In her three years as a passenger, Juliana has come to relish snaking along Sheridan Road in the northern suburbs. "It's awesome. And also what's cool is--if it's nice out, sometimes my dad will come to pick me up from school on his motorcycle." Jerry laughs. "Yeah, the mothers love that," he says. "There I am pulling up on my Harley right next to the minivans." Jerry, 49, grew up on the northwest side and started riding a Honda 350 at age 16. But he wouldn't go back to a Honda for anything. "There's a huge camaraderie among Harley owners," Jerry says. "Even the motorcycle gangs respect you."

Anticipating riding solo, Juliana is learning how a Harley runs. "I've been watching my dad, and I got the gears," she says. "You have to know how to work it really well, because if you don't you can get in trouble."

Jerry is firm about conduct on the road. Saddling up for their trip, he reminds Juliana: "Don't chew gum on the bike, always ride against me--and keep your hands inside." (When 'N Sync pipes from the stereo, Jerry says, his daughter tends to start dancing.) Juliana feels so at home on the Harley she's able to nap at 55 miles an hour. "She's an excellent rider, but on long trips she does occasionally fall asleep," Jerry says. "I can tell when I feel her helmet on my back."

After their long night partying and brief sojourn at the Highland House, the Zombie Squad is figuring out the best route to their next destination, a swap meet in Woodstock. "Route 41 to 176," says Blaine. "No, 22 to 14," counters Dammers. "Where the hell is everyone today?" a latecomer asks. "They were scared of the clouds," says Burger, seguing into a story about racing a tornado in South Dakota. "That's the biggest adrenaline rush," he says. "You hear a rolling thunder, the bike's just vibrating, and then you get this huge blast of wind in your face. I think we saw Dorothy."

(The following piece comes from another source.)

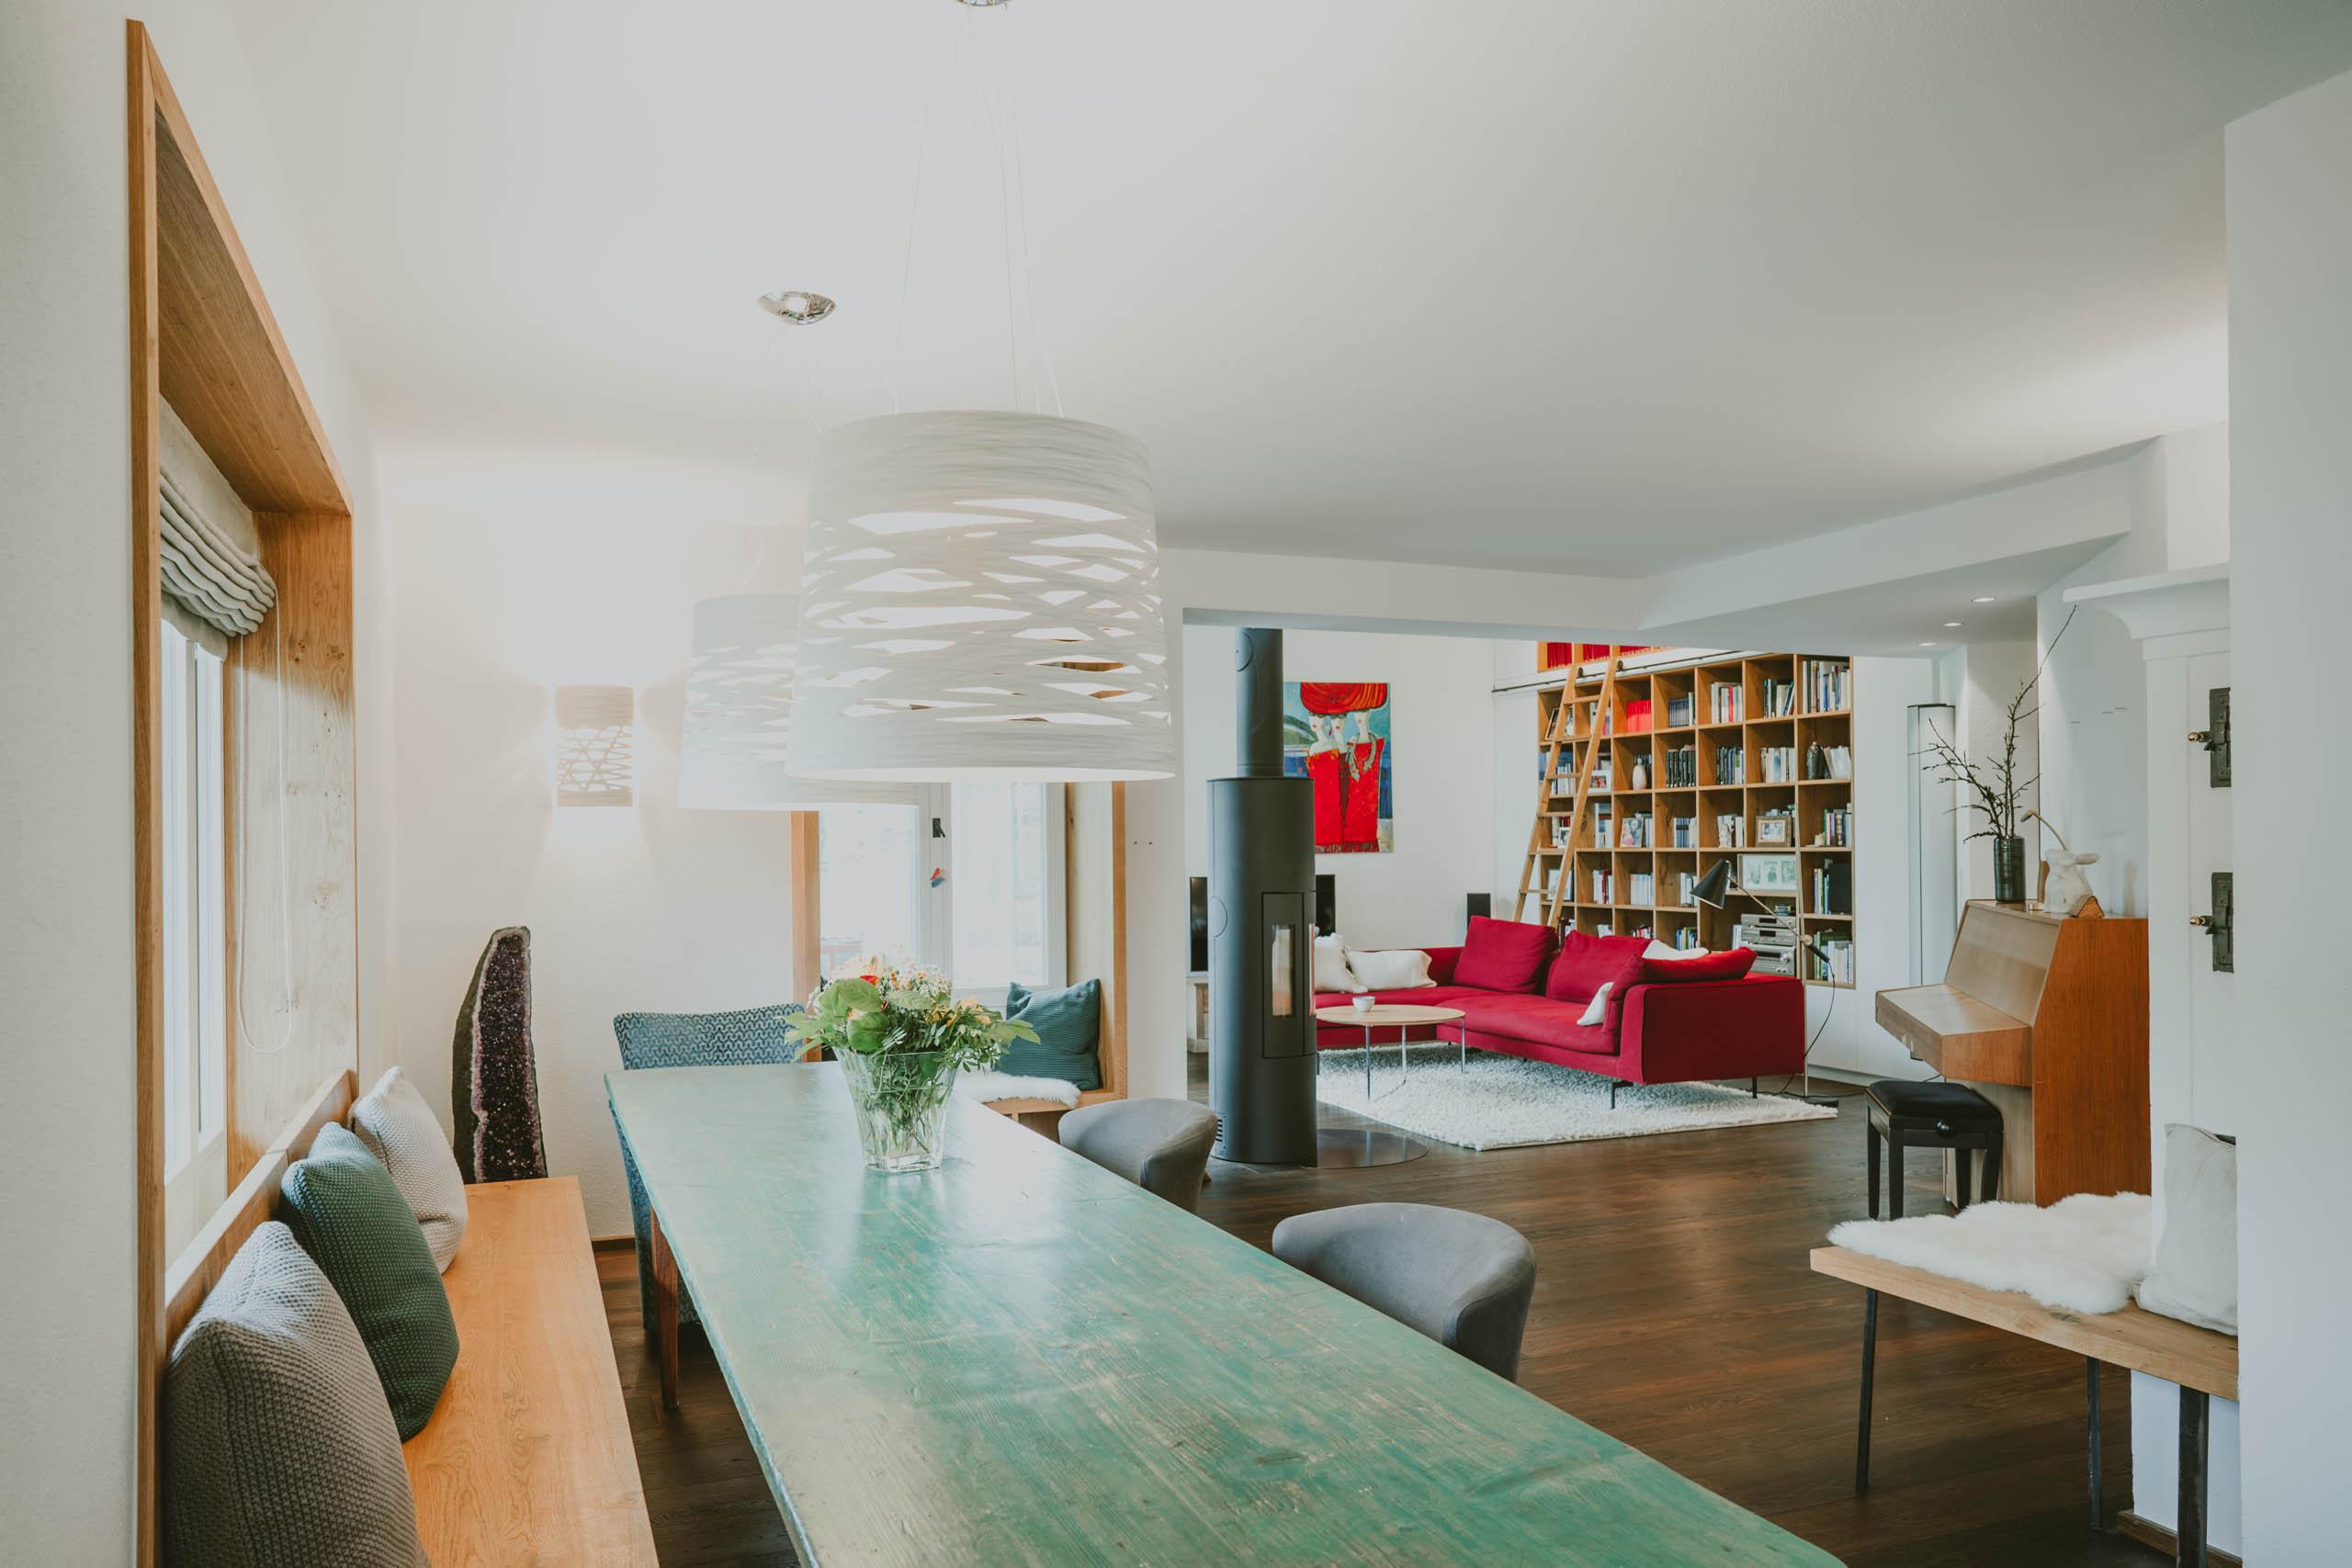 20210521 paula buchner innenarchitektur haus im chiemgau by andreamittermeier 9AM06350

Asked what he'd do if he could never ride again, Burger doesn't hesitate: "I'd put a bullet in my head." He lives in Buffalo Grove and works at the sprawling Avon factory in Morton Grove. "I make cosmetics," he says. "I mix all these colors together, and out comes the lovely honey beige foundation."

Dammers, a video producer also from Buffalo Grove, is shooting a training video for StreetWise vendors and his first feature film, a hip-hop story called Bytzh'z (pronounced "bitches"). Dammers is fond of his work and sometimes mounts his video camera on his Harley or films the Zombie Squad's antics, as he did on the trip to the naked pig roast in Wyoming last year. But take away that motorcycle, he says, and life would be a whole lot duller.

Dammers's hobby has occasionally caused trouble with a woman he's been seeing. Seems a party at her house slipped his mind. "I was out on the bike yesterday, and she was a little upset because I wasn't there a couple hours earlier," he says. "But riding is important to me. She should realize that by now."

Dammers looks like he needs to confess something. "See, when I'm on the highway, my feet on the pegs, I'll just end up meditating. I lose track of time. Sometimes I don't wake up till I get to the tollbooth." He's already put more than 8,000 miles on his Harley, which he bought in November. "I refer to her as a her," he says, playfully stroking the seat. "This is my baby, my girl."

Art accompanying story in printed newspaper (not available in this archive): Photos by Eugene Zakusilo. Scott Noesen, Lezza Mikhailova; Rose and Bill Wellhausen; misc. bikes; Judy and Gary Schrader; misc. back of head; the Zombie Squad..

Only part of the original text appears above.